American high school students are already ill-prepared for life on a college campus as the Star article denotes. “Slightly more than half of students at public four-year schools graduated in six years, and only 29 percent did so in four years.” Juniors bypassing their senior year will not improve those statistics.
These students will be a year younger and certainly a year less mature than the traditional college freshman. They will, for the most part, still maintain friendships with their current friends who will be seniors in high school. They will miss activities such as homecoming, the senior prom and other rites of passage that they will forfeit in bypassing their senior year.
Instead of listening to rising high school seniors bemoan their boredom and then shipping them off to college, they need greater challenges their senior year to better prepare them for college. The core curriculum needs to be expanded.
Balance the left brain and the right brain with more art and music classes. More, assuming there are any in the first place. Add classes on economics and ethics. Certainly tomorrow’s leaders can’t be any worse than the current crop of miscreants held up as alleged role models. As a society we can do better than the Bernie Madoffs, Rod Blagojeviches and the Anthony Weiners of the world.
Add more skill-based electives such as journalism, photography, graphic arts, more computer classes, more industrial arts and home economics. High school should be a place where a student gets as well-rounded education as possible so that he or she can make better informed decisions about what to study in college. Once in college students will hone in on a particular major and course of study they will have chosen having experienced a myriad subject matter in high school.
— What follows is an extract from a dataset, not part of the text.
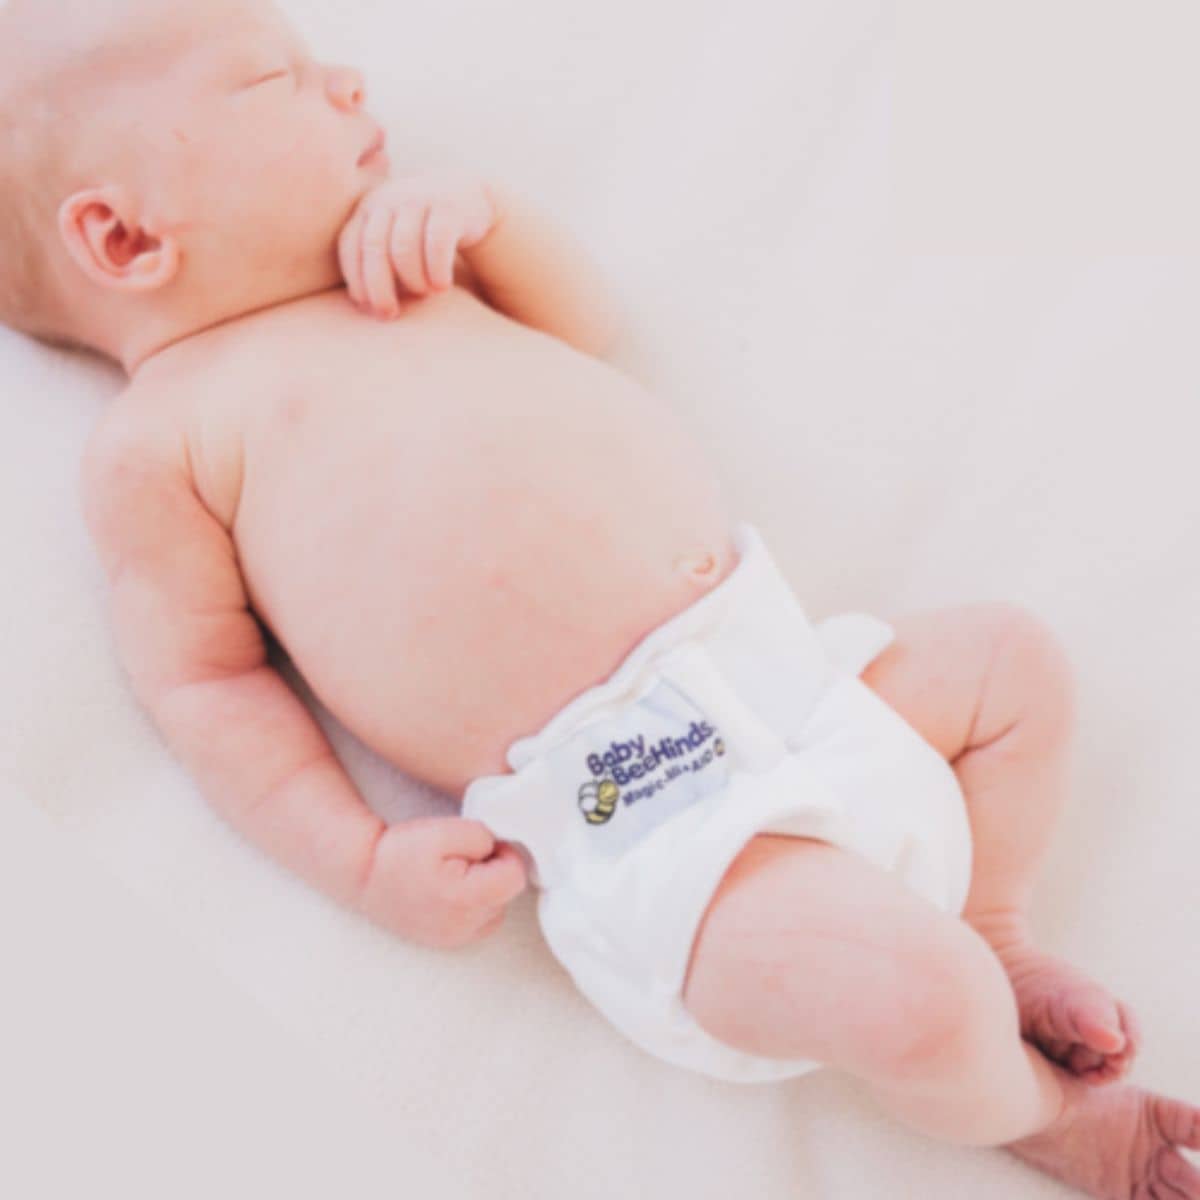 Baby BeeHinds Newborn AIO Cloth Nappy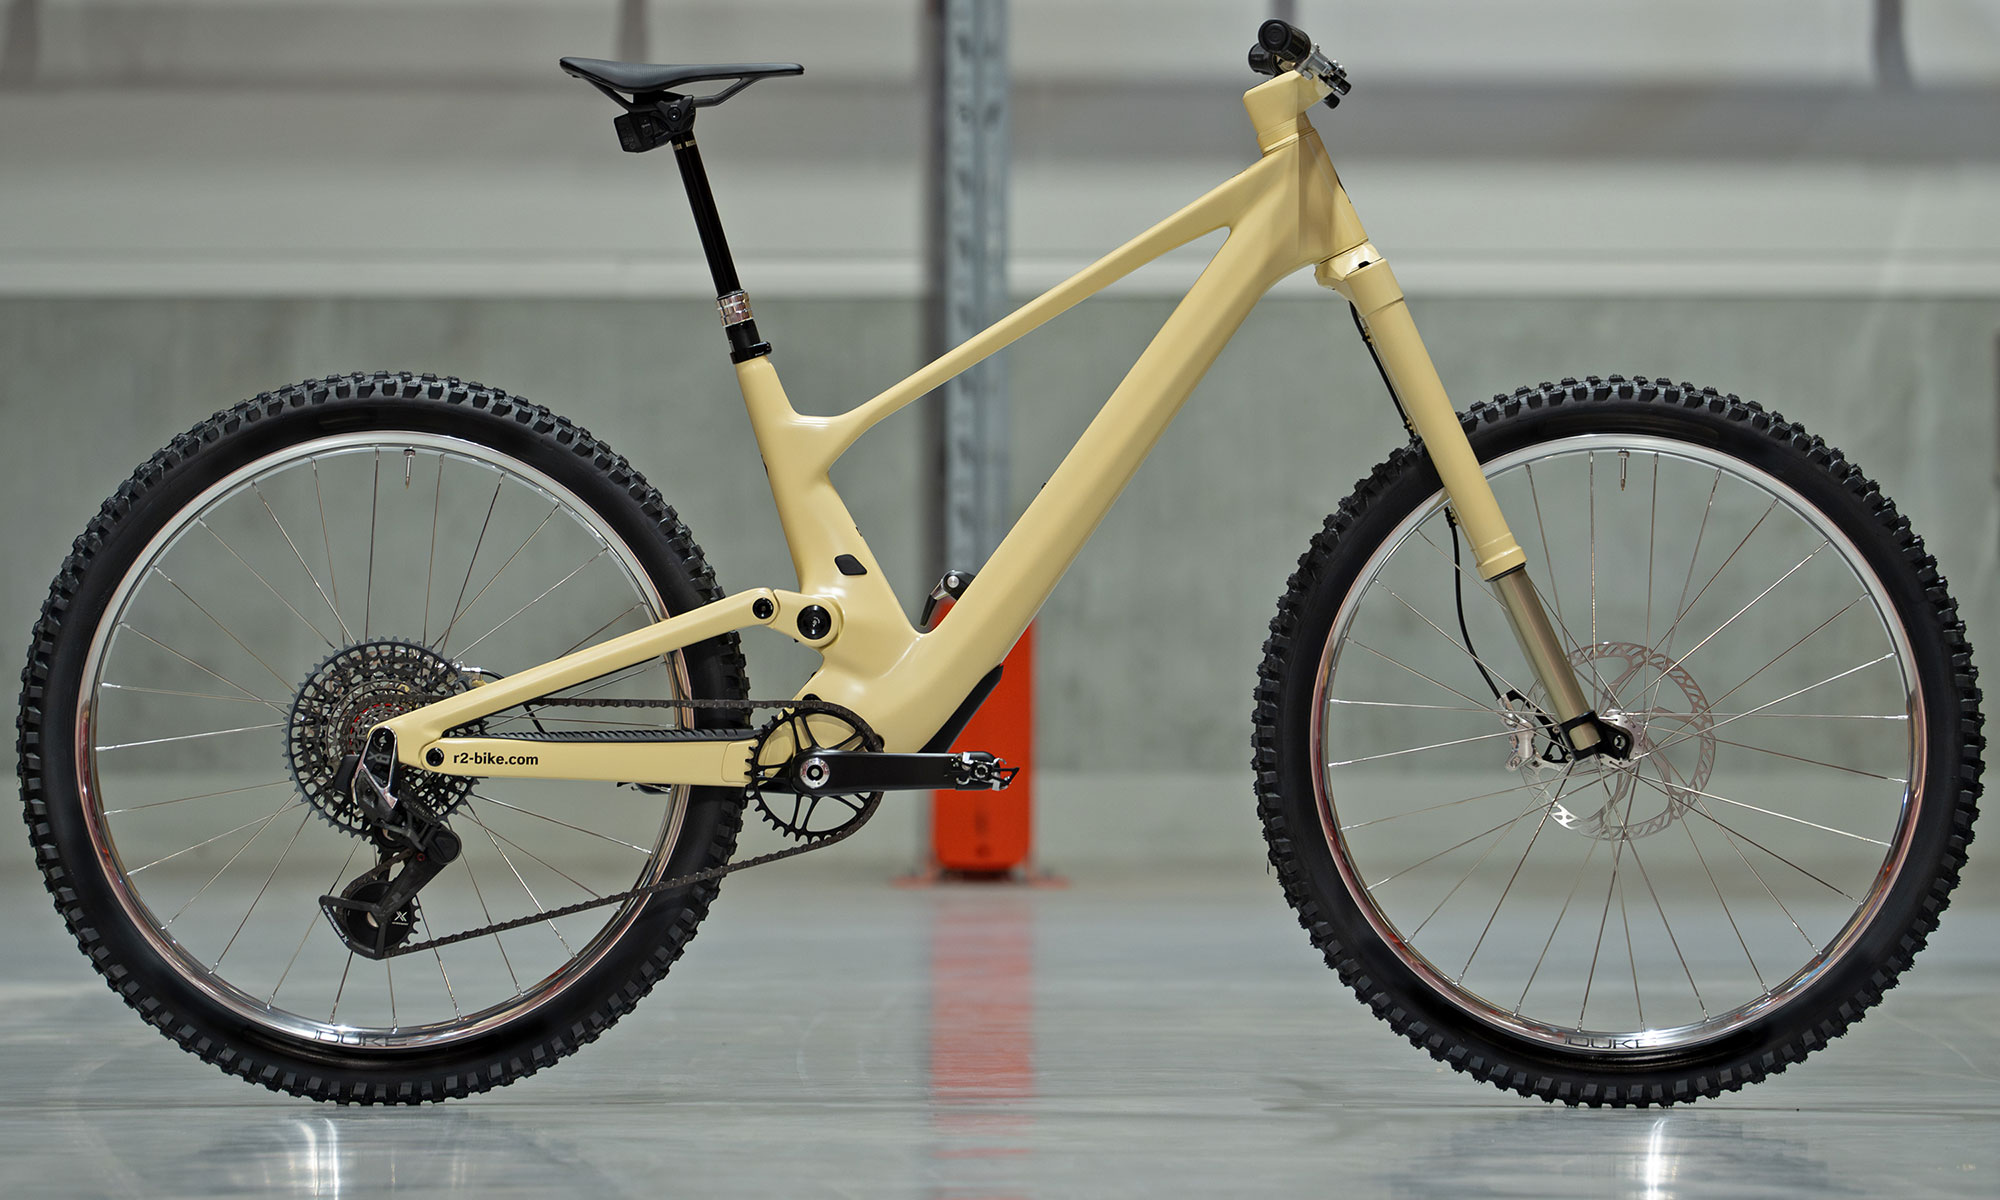 Dangerholm Scott Genius ST custom all-mountain bike of the future project, complete

To those critics who suggest the costs will outweigh the benefits, a public-private partnership should be considered.
School systems could hire professional musicians to teach music and float from campus to campus, thus needing fewer of them. The same with professional artists, chefs, journalists, businessmen, etc. Their fulltime employers would pick up the tab for these part-time teachers and would get a tax write off for that value.
This would be a win-win situation. High school students would be exposed to a greater selection of educational materials and employers providing these instructors would benefit from the positive publicity as being active members of the community. The schools, of course, would need to provide some training in classroom management – but that is something from which all teachers would benefit.
From personal experience as a middle and high school teacher of social studies and American history, I welcomed a member of the business community into the classroom as part of the Junior Achievement program. I would then incorporate those visits into my curriculum and lesson plans.
A segment of Friday’s classes would be dedicated to a stock market competition amongst my classes and students divided into teams. This not only had history and economics components, but was cross-curricular with the math classes as well. The experience proved both fun and educational for the students who left with additional skills that they might not ordinarily have gotten.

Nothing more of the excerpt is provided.